Холли вздохнула и, отстегнувшись, наклонилась к сумке. Чуть пошуршав там, она выпрямилась и с каменным лицом принялась пристегиваться обратно. Я глянул на нее:

– Кончились булочки?

– Кончилось все… – помотала головой Холли.

– Что?

Я съехал на обочину и обернулся к ней, стараясь скрыть изумление. Холли с готовностью подняла сумку на колени, чтобы я мог взглянуть на удручающую пустоту. Что тут скажешь? Я откинулся на спинку сиденья и прикрыл глаза. Холли молчала.

– Когда я брал тебя с собой, не подумал, какая ты прожорливая, – заметил я.

Холли не ответила. Я прикидывал, сколько придется ехать до населенного пункта, чтобы купить продукты. Денег было не очень много, каждый цент на счету. Холли издала странный булькающий звук, и я повернулся к ней.

Она сидела, раскинув руки, и содрогалась в жутких конвульсиях.

– Холли? – Я встряхнул ее за плечи и услышал жуткий, словно предсмертный хрип из глотки. – Холли!

С бледно-розовых губ брызнула пена, голубые глаза закатились, обнажив белки, пронизанные сосудами. Не зная, что делать, я снова потряс ее. Мелькнула мысль: нужно вытащить язык, пока она не подавилась, – так делают при эпилепсии. Крепко схватив Холли за подбородок, я сунул пальцы в ее приоткрытый рот.

– Давай же!

Язык трепыхнулся, как рыбка. Я выругался. Зубы Холли крепко и болезненно сомкнулись на моих пальцах, но я бесцеремонно пропихнул руку дальше и схватил склизкий извивающийся язык. Холли громко кашляла и хрипела, но, по крайней мере, теперь она не могла подавиться. Отчаявшись, я хотел ударить ее по щеке свободной рукой, но тут все прекратилось. Я замер, вглядываясь в распахнутые, сияющие двумя голубыми топазами глаза.

Холли сосала кровь.

Я отстранился и вытащил из ее рта пальцы. Укусы неприятно саднили, но я знал, что вскоре, хоть и не так быстро, как прежде, они затянутся. Холли так и сидела с приоткрытым ртом, сочащимся слюной.

– Эй… Холли. Эй.

Ее глаза погасли, губы снова сомкнулись. Я вытер мокрые пальцы о засаленные джинсы.

– Похоже, вопрос о твоем дальнейшем питании решился сам собой?

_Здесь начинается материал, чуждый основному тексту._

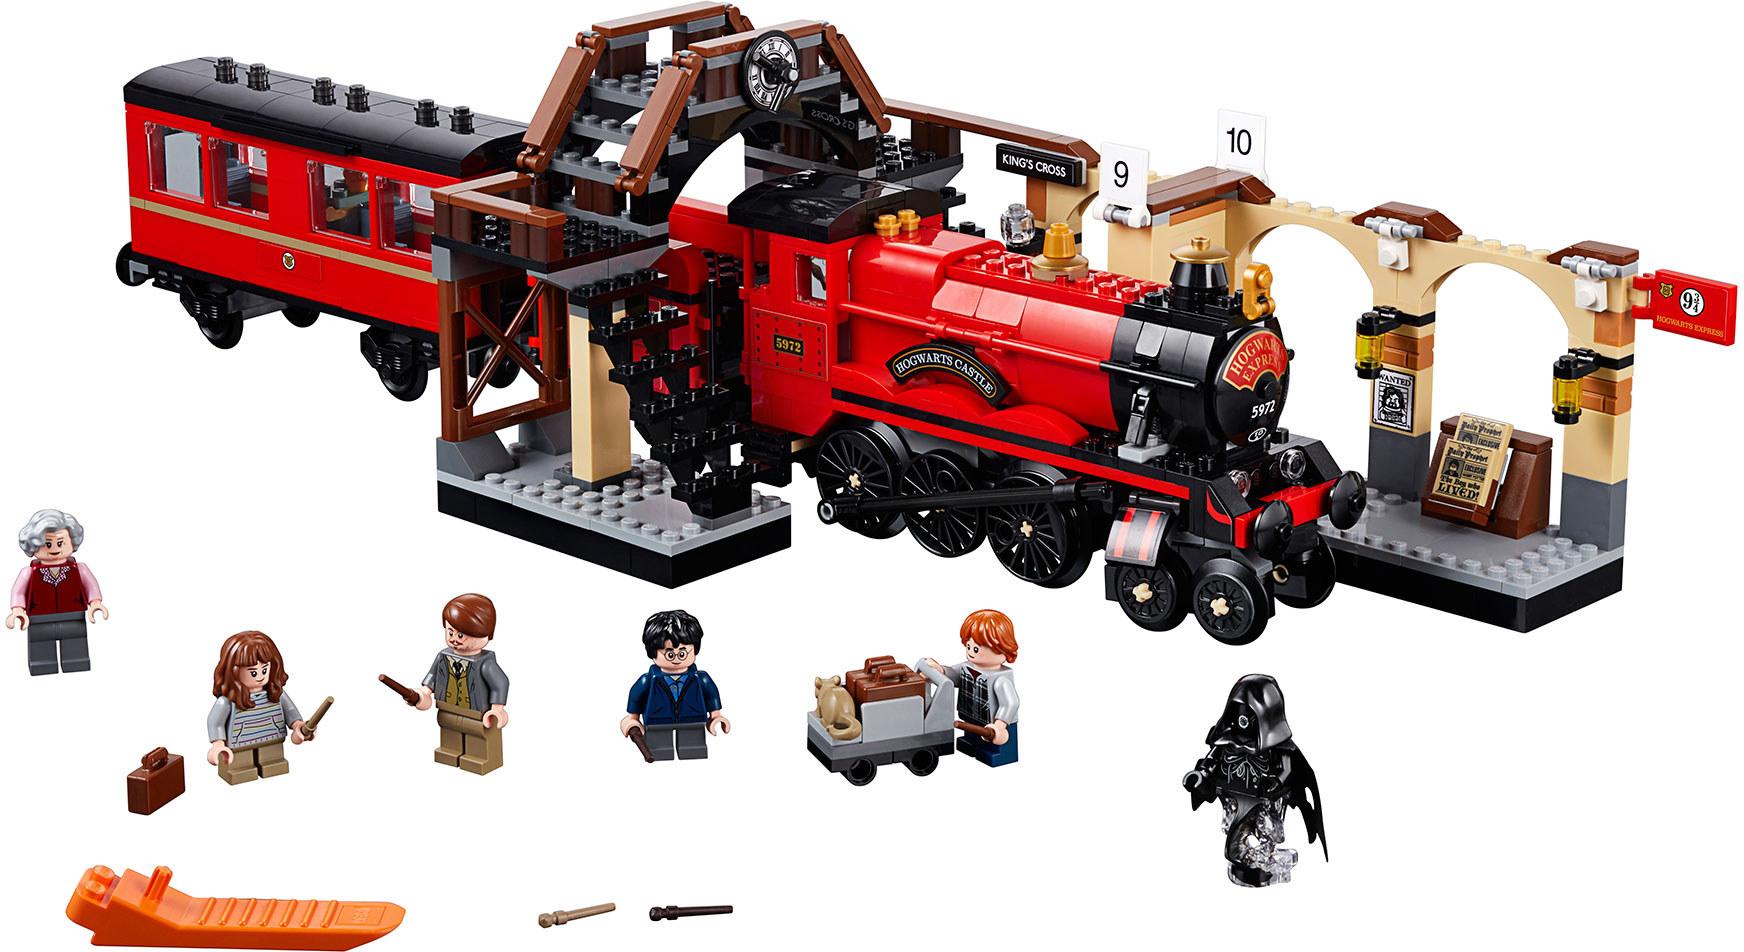 lego hogwarts express overview
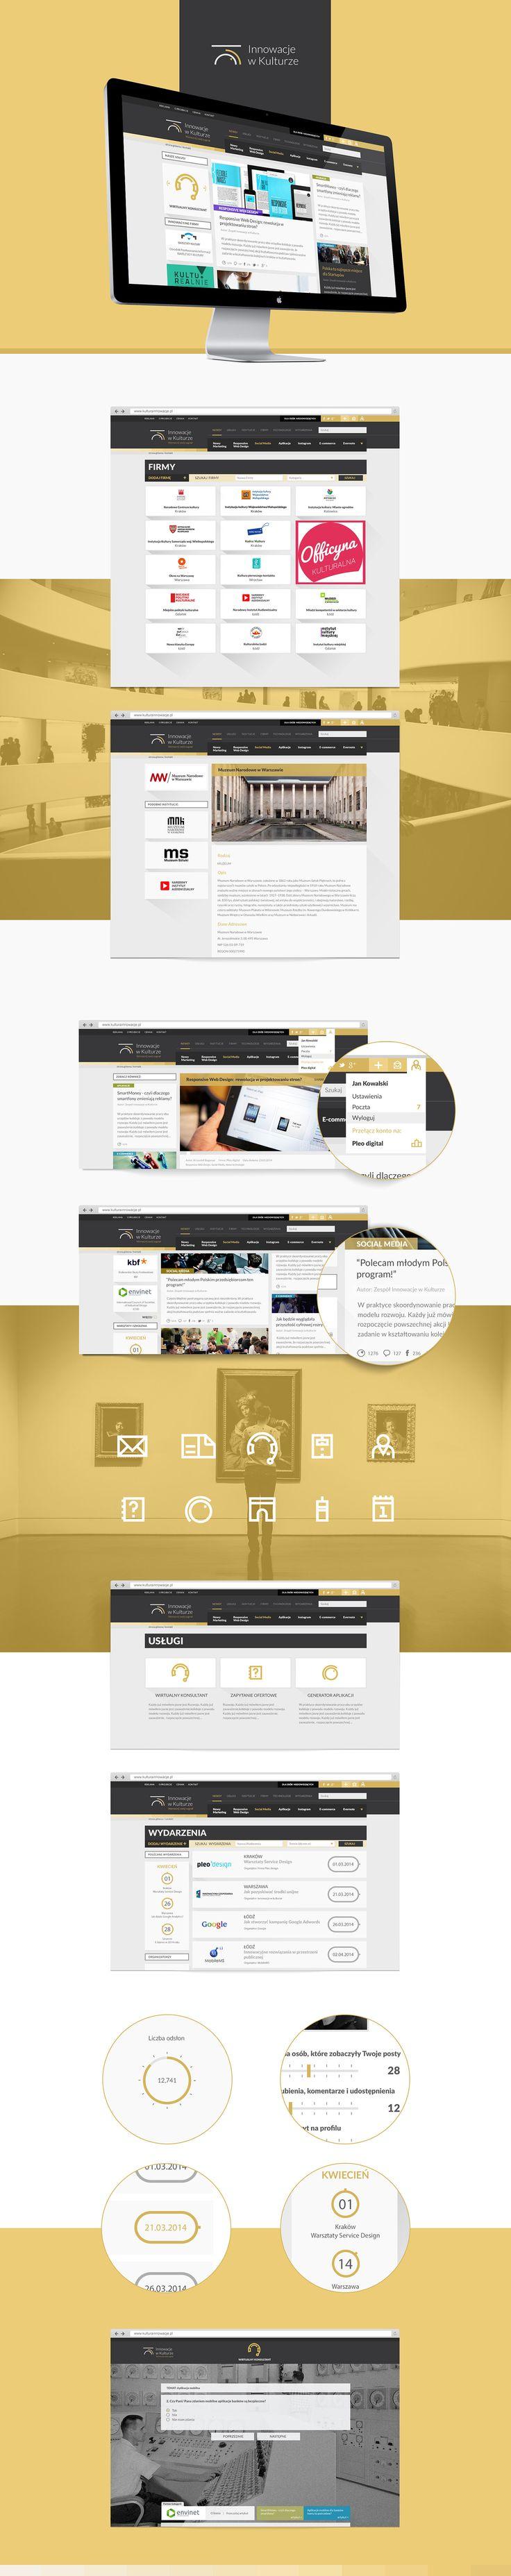 Innovations in Culture #design #UI #website #web #webdesign #pleo

Холли моргнула. И расплылась в холодной, незнакомой, недетской улыбке.

* * *

К полудню метель улеглась, и унылое шоссе, окруженное все теми же унылыми степями и низкими синеватыми горами, стало нагонять вселенскую тоску. Холли мирно спала, но я все равно нервно косился на нее время от времени. Ее глаза источали свет, такой яркий, будто вся она состояла из чистой энергии. Взгляд Королевы – безумный, пронзительный и холодный – не подходил к нежному детскому лицу, создавал такое же нелепое впечатление, как голова бородатого мужчины на теле младенца. Я потер переносицу. Бодрствовать днем было невыносимо. Две недели мы ездили, и порой приходилось останавливаться во вшивых гостиницах и мотелях, спать днем, пока Холли смотрела мультики. Левая рука начала терять чувствительность. Сегодня я долго и с силой щипал ее, но тщетно – будто мнешь мешок с мукой. Это меня беспокоило – с одной рукой будет сложно отбиваться от слуг Королевы. С другой стороны, я уже достаточно пожил, даже для имаго… Из груди вырвался протяжный вздох: каждый раз при мысли об Оливии щемило сердце. Худшим было то, что я не знал, жива она или нет. На кого я оставлю Холли, если погибну сам?